DIRECTION_NAMES_ROUTES_BRIDGE_TABLE
This is a bridge table between the DIRECTION_NAMES and ROUTES tables.

DIRECTION_NAMES
Direction names include values like “North”, “South”.

DESTINATIONS_ROUTES_BRIDGE
This is a bridge table between DESTINATIONS and ROUTES tables.

DESTINATIONS
Destinations include values like “Braintree”, “Alewife”, “Dudley Square”, “Watertown Square”.

Triggers

The following code is for a trigger that prevents rows from being deleted in the VEHICLES_DATA_HISTORY table.

CREATE OR REPLACE TRIGGER VEHICLES_HISTORY
BEFORE DELETE ON VEHICLES_DATA_HISTORY
BEGIN
    raise_application_error(-20001,'Vehicle History records can not be deleted');
END;

Indexes

The following index was added to the VEHICLES_DATA_HISTORY table to speed up queries.

CREATE INDEX i_route_id ON VEHICLES_DATA_HISTORY(route_id);
CREATE INDEX i_stop_id ON VEHICLES_DATA_HISTORY(stop_id);

Stored Procedure

The following stored procedure is used to synchronize the VEHICLES_DATA and the VEHICLES_DATA_HISTORY table. It uses the VEHICLES_DATA_ID to ensure that duplicate rows are not copied over erroneously. This stored procedure can be run nightly or however frequently the history table needs to be kept up to date.

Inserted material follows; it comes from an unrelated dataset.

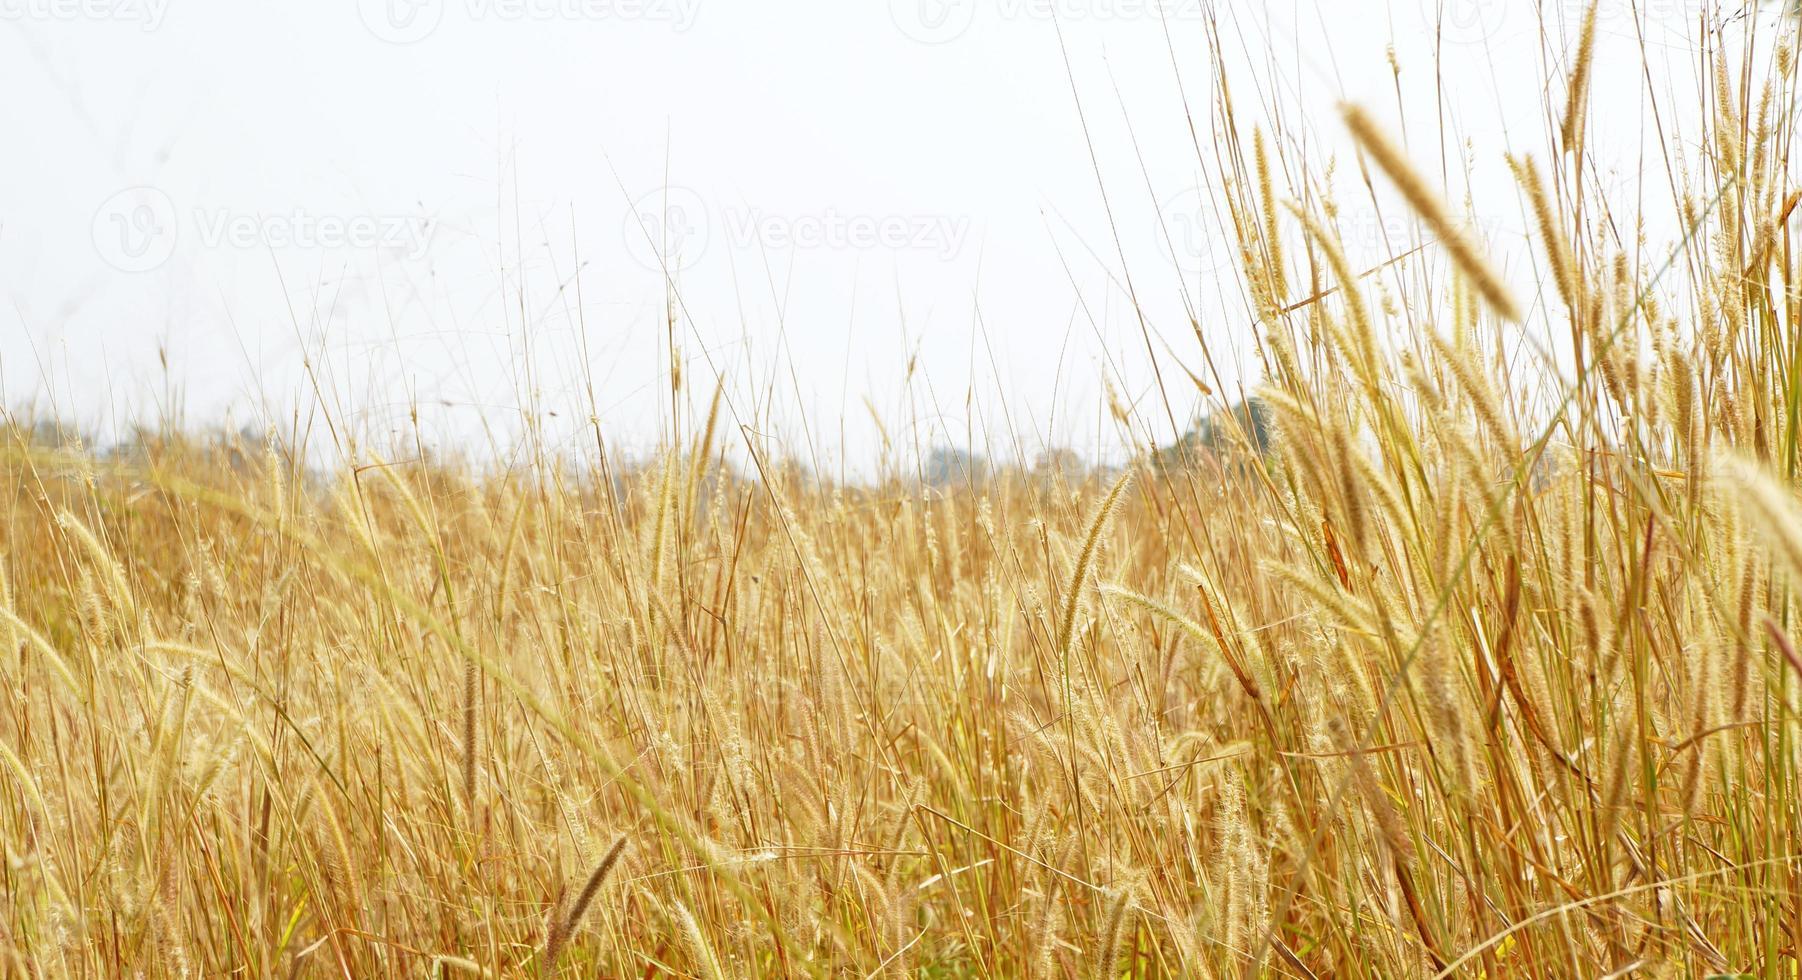 Ripe yellow ears of wheat photo

CREATE OR REPLACE Procedure DAILY_VEHICLES_DATA_BACKUP
IS    
BEGIN
    -- Select vehicle_data_ids from vehicles_data table that do not exist in vehicles_data_history table
    INSERT INTO VEHICLES_DATA_HISTORY (vehicle_data_id, vehicle_id, bearing, current_stop_sequence, 
    latitude, longitude, speed, updated_at, direction_id,
    route_id, label, current_status, stop_id) 
        SELECT vehicle_data_id, vehicle_id, bearing, current_stop_sequence, latitude, longitude, speed, updated_at, direction_id,
        route_id, label, current_status, stop_id FROM VEHICLES_DATA WHERE vehicle_data_id IN(
            SELECT vehicle_data_id from VEHICLES_DATA WHERE vehicle_data_id NOT IN (
                SELECT vehicle_data_id FROM VEHICLES_DATA_HISTORY));
END;

Ingest Process

Python was the language of choice to extract, load, transform and dump the data. It turns out that normalizing and cleaning data is not easy at all. In an estimation of the total work to complete the project, it may have taken 50% to design the database and 50% of the time to ingest the data properly. In working with semi-structured data, there are many gotchas and edge cases that need to be taken into account to coerce the data and push them into the database.

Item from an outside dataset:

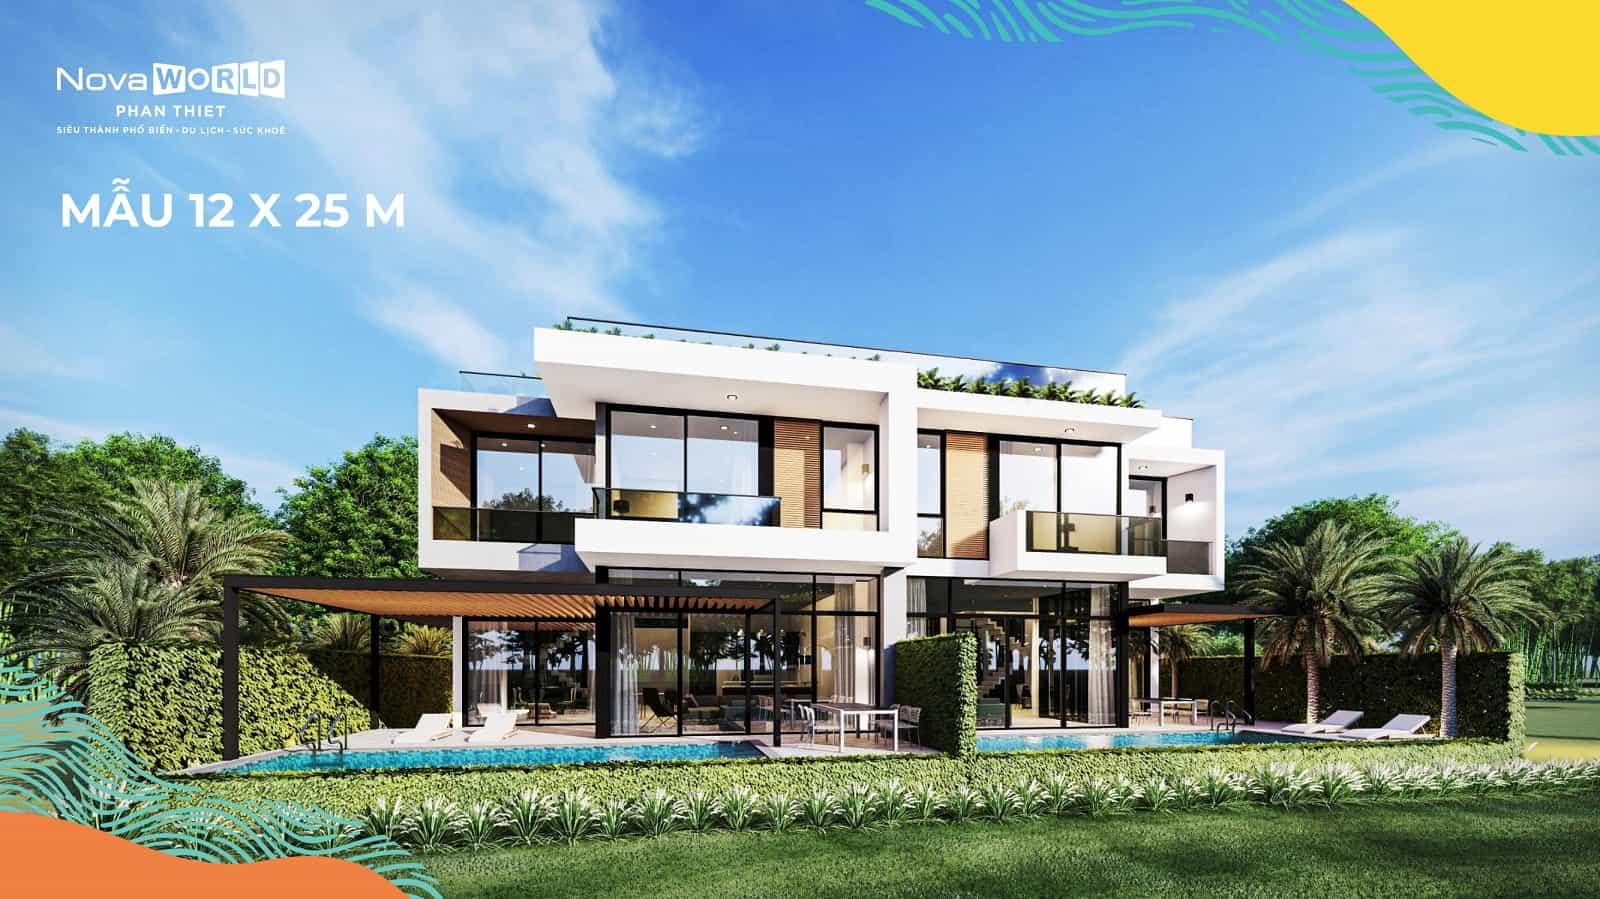 biet-thu-golf-villas-12x25-novaworld-phan-thiet

For example, an interesting scenario came up when trying to ingest data on the fly. If one is ingesting data on the fly, then it’s quite possible that the proper table references are not in place to ingest it properly. For example, ingesting a STOP location with a STREET foreign key and that STREET has not been ingested in the STREET table.

There are a number of approaches, like ingesting non-conforming data to a temporary table to be handled later and ingesting data normally that have correct references. I took the hybrid approach. First, I ingested a single snapshot of data to initially populate tables with their references and constraints. Future ingested data will be compared against those constraints. If they do not fit, then they’re logged and handled later.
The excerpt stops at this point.